A driver walks into a dealership expecting to pay the price on the window sticker. She leaves paying $2,000 more. That is not a hypothetical. It is the average overpayment the Federal Trade Commission found when it investigated Lindsay Automotive Group, a dealership chain in the Washington, D.C., metro area. In 88% of sampled transactions, buyers paid more than the advertised price, hit with add-ons they never requested and fees they did not understand.
That case, filed jointly with the Maryland Attorney General in December 2024, is one of several enforcement actions that spotlight a persistent problem in auto sales and repair: the gap between the price consumers are promised and the price they actually pay. With the IRS processing tens of millions of spring refunds through April and May 2026, buyers flush with cash and eager to close a deal face the same pricing traps that regulators have already documented in prior cases.
Federal enforcement actions that exposed junk-fee schemes
The Lindsay Auto case is the most granular public example of how surprise fees work in practice. According to the FTC’s complaint, the dealership chain advertised low vehicle prices online and in promotions, then layered on charges at the point of sale for products buyers never asked for. The agency’s transactional analysis found the average markup exceeded $2,000 per deal. The charges relied on what regulators call “junk fees” – line items for things like paint protection, VIN etching, or dealer preparation that are presented as mandatory even when they are not.
A separate case in Alaska targeted Lithia Motors, Inc. The Alaska Department of Law reached a settlement after finding that Lithia excluded dealer fees from advertised prices, violating a state law that requires all such fees to appear in the listed price.

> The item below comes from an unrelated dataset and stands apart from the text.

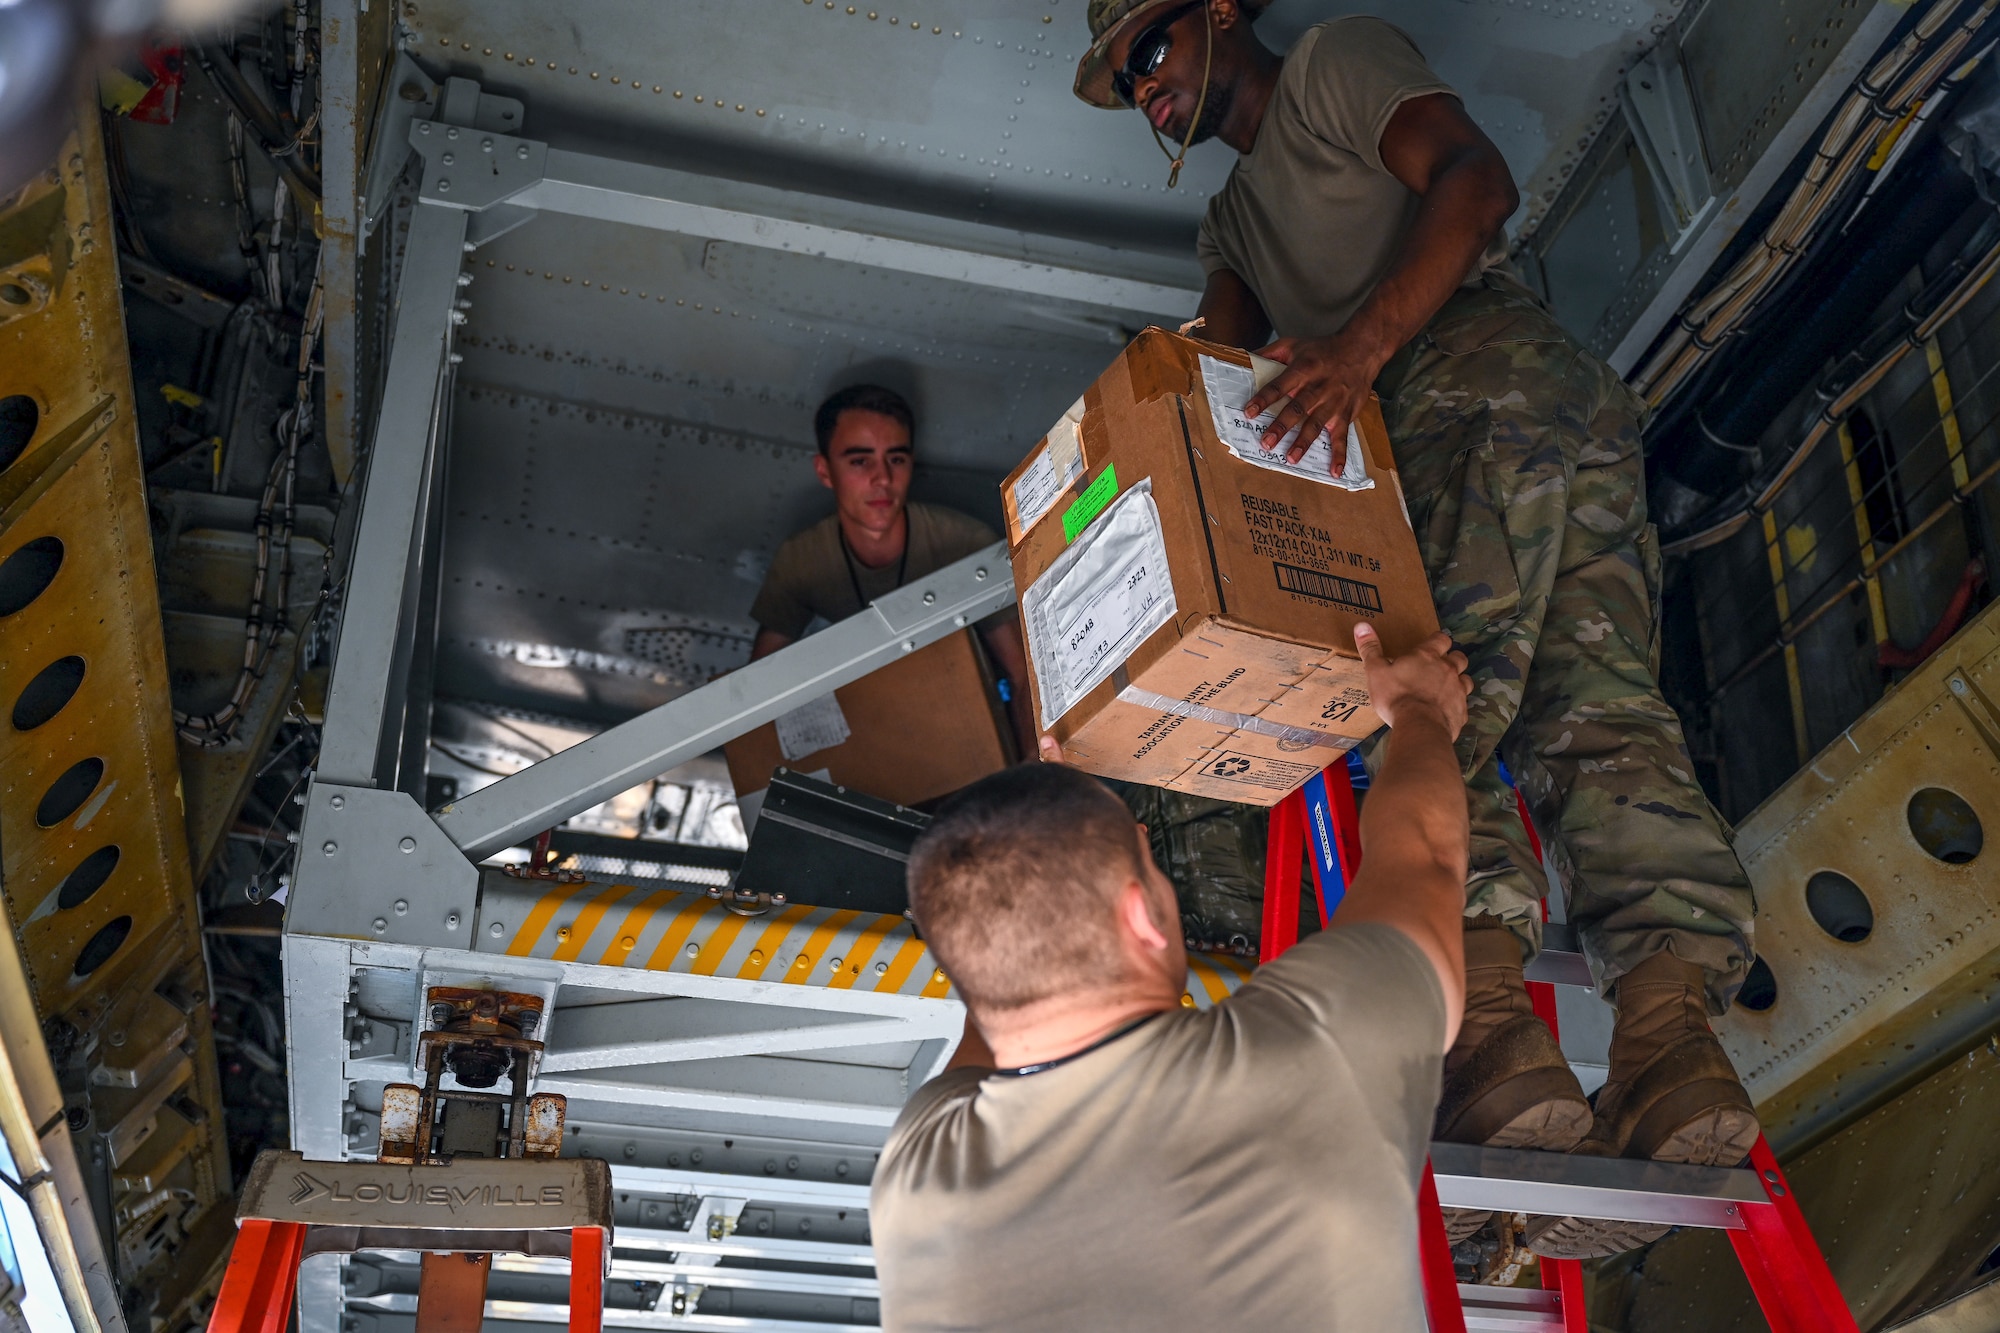 Airmen from the 2nd Aircraft Maintenance Squadron unload a B-52 On-Board Cargo System after an Agile Combat Employment Exercise at Barksdale Air Force Base, Louisiana, Aug. 19, 2022. Agile combat employment shifts generation of airpower from large, centralized bases, to networks of small, dispersed locations to increase survivability, complicate adversary planning and gain an advantage. (U.S. Air Force photo by Airman Nicole Ledbetter)

The settlement imposed a $300,000 civil penalty, created a restitution process for affected buyers, and required ongoing ad auditing to prevent repeat violations.
These cases arrived just as a major new federal rule took effect. The FTC’s CARS Rule, which went into force in January 2025, requires dealers nationwide to disclose the total price of a vehicle upfront, prohibits charges for add-ons without a buyer’s express, informed consent, and bans misrepresentations about financing terms. The rule was designed to address exactly the kind of conduct alleged in the Lindsay Auto and Lithia Motors cases. Whether it has changed dealer behavior on the ground in the months since remains to be seen, but it gives consumers a stronger legal footing to challenge surprise charges.
Repair shops play a different version of the same game
Surprise fees are not limited to the sales floor. Auto repair shops can run a parallel scheme: quote a low price to get a car in the bay, then call the customer with a ballooning list of “necessary” additional work. State-level consumer protection rules are supposed to prevent this, but the strength of those rules varies dramatically by state.
California has some of the most detailed protections. The Bureau of Automotive Repair requires shops to provide a written estimate and obtain authorization before performing any work, including separate disclosures for tear-down inspections and towing. Storage fees can only be charged after a visual inspection or tear-down, and the state mandates specific disclosure conditions and timeframes before those fees apply, according to the bureau’s guidance on storage charges.
Massachusetts offers similar guardrails. Under state regulation 940 CMR 5.05, repair shops must notify customers and get permission if costs will exceed the original estimate by more than $10. The broader framework under 940 CMR 5.00 governs estimates, authorization, billing, and price-increase limits.
Many other states have weaker or less specific rules, leaving consumers with fewer tools to challenge a bill that does not match the quote. No federal database tracks storage-fee disputes, tear-down authorization violations, or estimate overruns across all 50 states, so it is difficult to measure how often shops ignore these requirements nationwide.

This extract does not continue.